Ни одного письма, ни одной строчки, писанной ее четким бисером, нет в моем архиве: все похоронено в архивах Охранки и Чека. Нет даже картонного квадратика, которым она закрывала текст институтской книжки и на котором записан был для памяти порядок пасьянсов:
Восемь королей.
Rouge et noir.
Горница.
Тринадцать.
Concordance.
Веер.
Взаимность.
Кадриль.
Марьи Павловны.
Для тасовки.
Мой.
Пока мог — я свято хранил этот кусочек картона, присланный мне сестрой. Но и он вместе с другими реликвиями, погиб в скитаньях и при обысках.
Остался — чудом и дружеской услугой — только портрет работы польского художника, с пометкой «54 г.». Такой она была три четверти века тому назад: худенькой институточкой с тонкими прозрачными пальчиками.
И вот уходят из памяти черты лица молодой женщины и старухи. Но каждый день, когда смотрю на портрет в круглой черной рамке — освежается и укрепляется в памяти (уже навсегда) лицо девочки с голубыми глазами.
Когда смотрю — думаю;
— Я — сын этой девочки!
И делаюсь тогда сам маленьким, хрупким, незаметным, может быть счастливым, а может быть и не очень счастливым.
Есть и мой детский портрет. Но никто никогда не повесит его над постелью и не будет думать:
— Я сын, или я — дочь этого мальчика в теплой курточке.

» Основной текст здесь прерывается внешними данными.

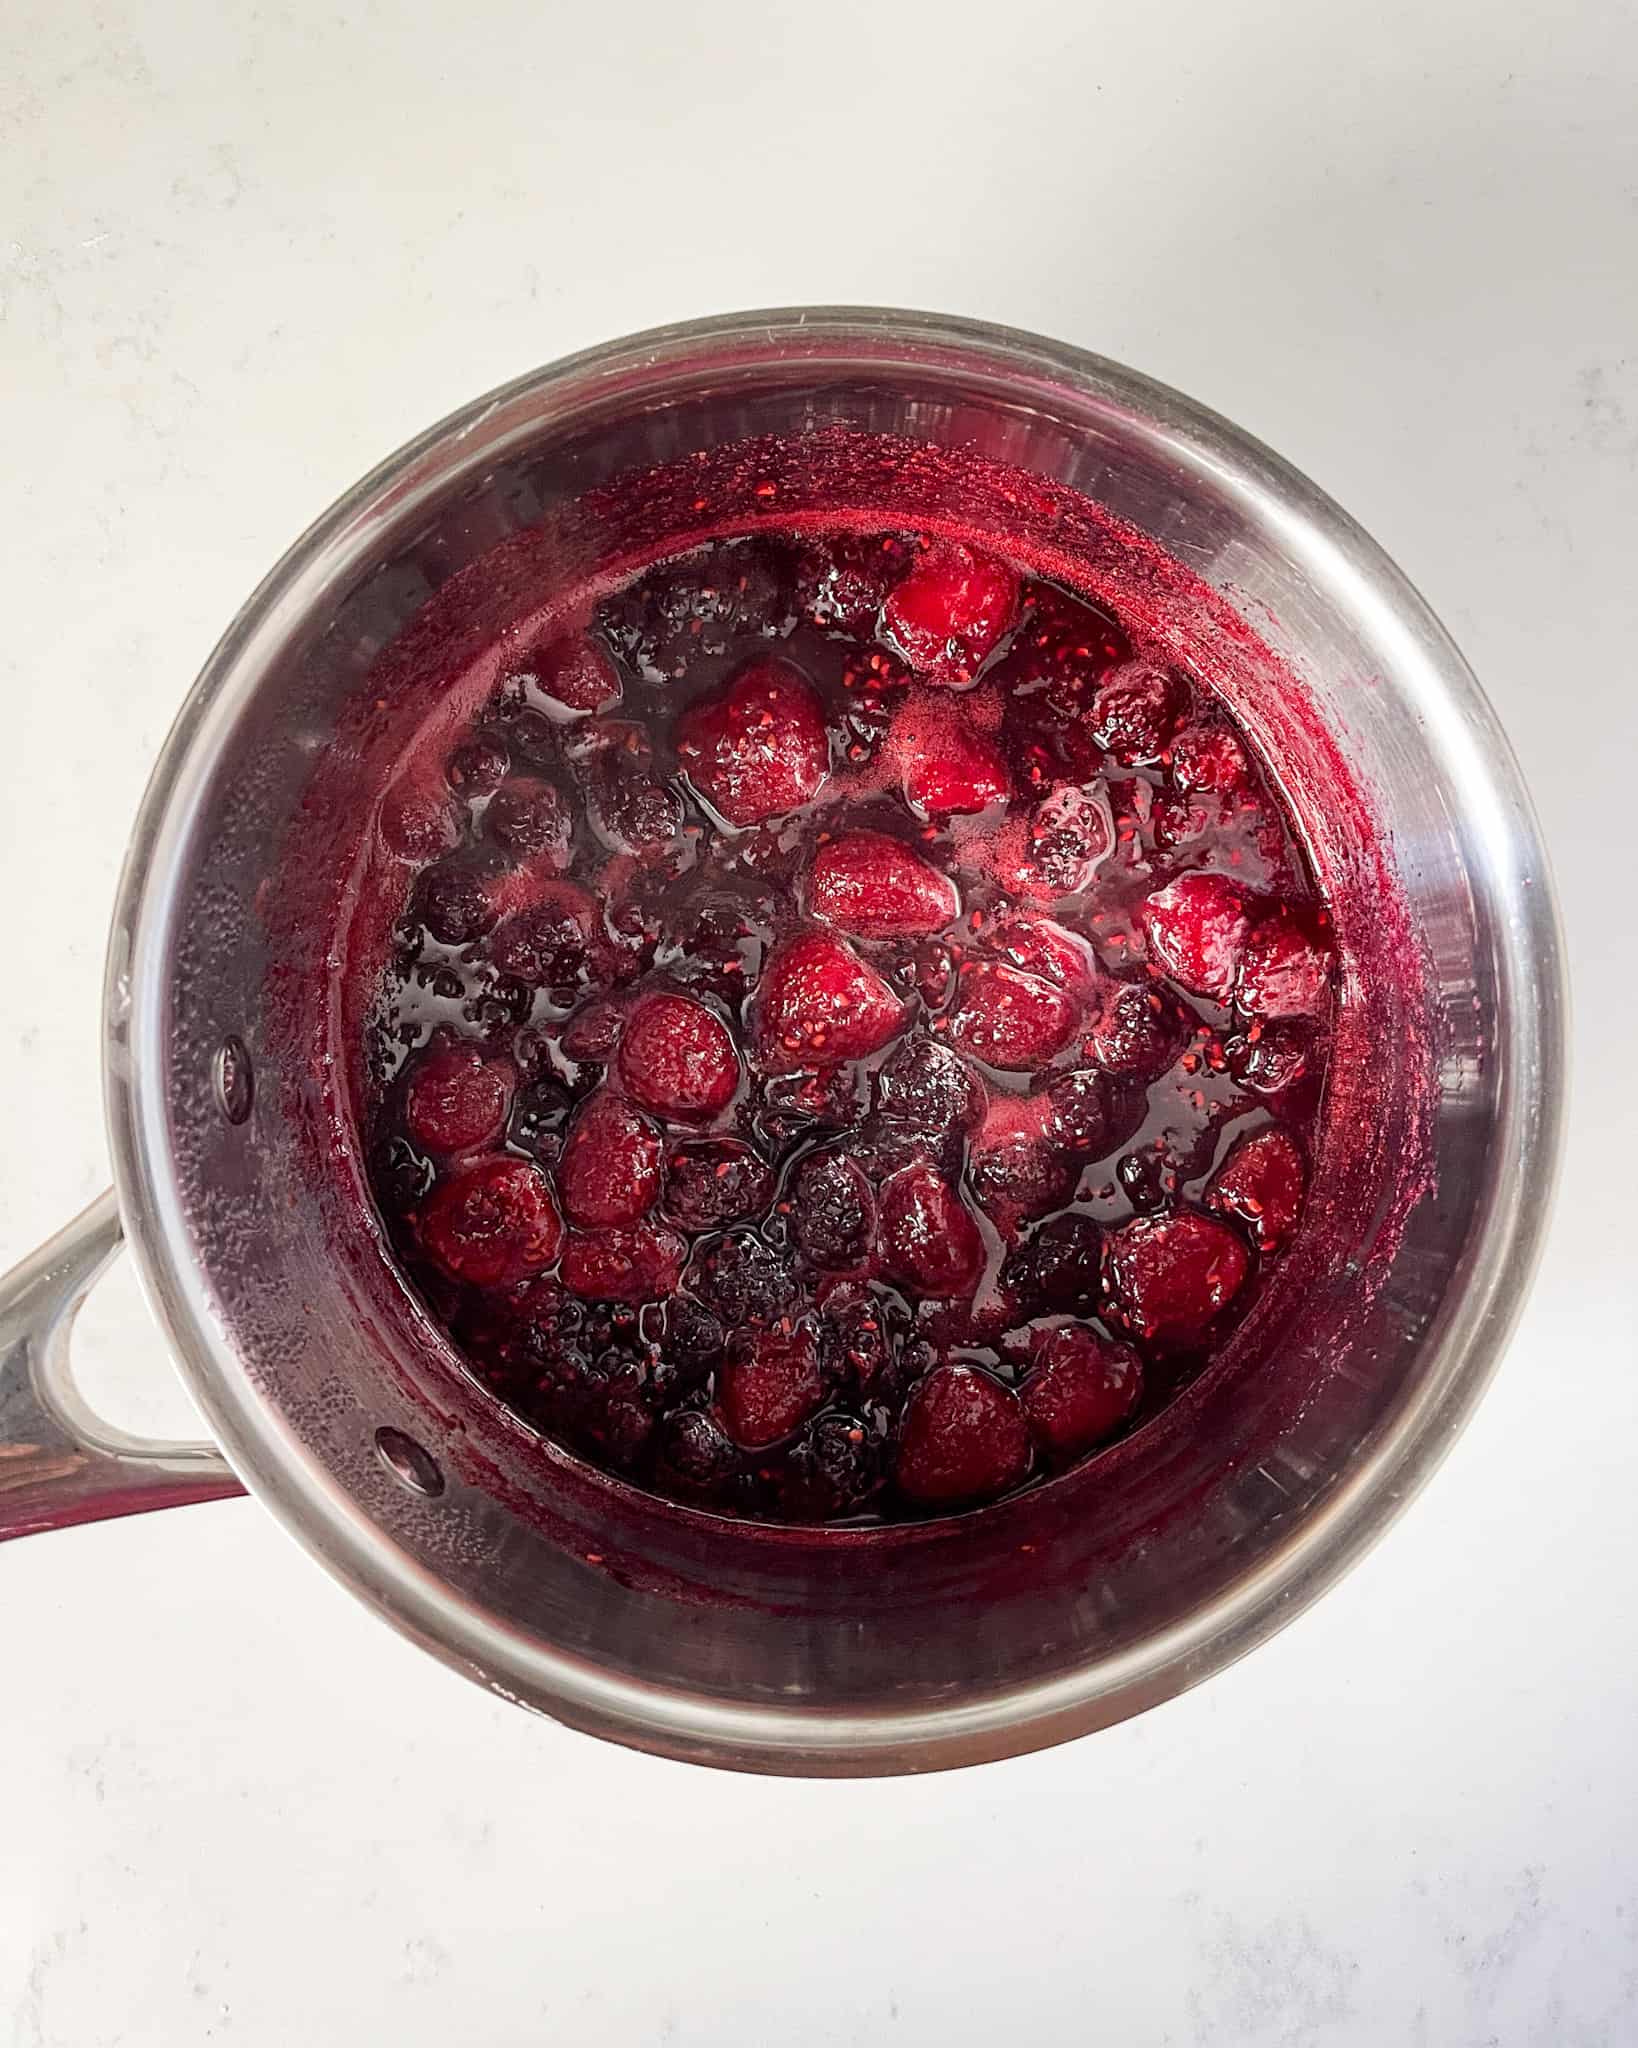 Mixed Berry Jam in a saucepan

Никто никогда, потому что некому…
ДНЕВНИК ОТЦА
Отец! Прости мне это кощунство! Я перелистываю тетрадь пожелтевших от Бремени страничек, дневник твоей любви, твоих страданий и твоего счастья. Я делаю выписки — и со смущенным удивлением смотрю, как сходны наши почерки. Я ясно вижу и другое: как сходны наши мысли о самих себе, эти безжалостные характеристики, в которых правда чередуется с праздным самобичеванием. Передо мной и твоя карточка — последняя, покойная: сложены руки, и голова ровно примяла подушку, окруженную гирляндой цветов. Я прикрываю бумагой твою седую бородку и узнаю в мирно спящем, в спящем на веки — себя самого: лоб, нос, надбровные дуги. Только спокойствие и серьезность — не мои, еще не мои…
Эта тетрадь, да миниатюрный портрет матери — все мое наследство; и я большого не желал, лучшего я и не мог бы желать. Две реликвии 50–60 годов, две тени прозрачных душ. Через годы и этапы жизни они прошли и сохранились истинным чудом. В них моя связь с далеким прошлым, с началом и причиной моего бытия. Мне уже некому будет передать их. Но мысль моя не мирится с тем, что они окажутся на лотке сенского антиквара, что коллекционер обшлагом сотрет пыль со стекла миниатюры, а лицеист, послюнив палец, с недоумением перелистает рукопись на незнакомом языке. Мне хочется продлить их интимную жизнь хоть в чьей-нибудь памяти, прежде чем все исчезнет.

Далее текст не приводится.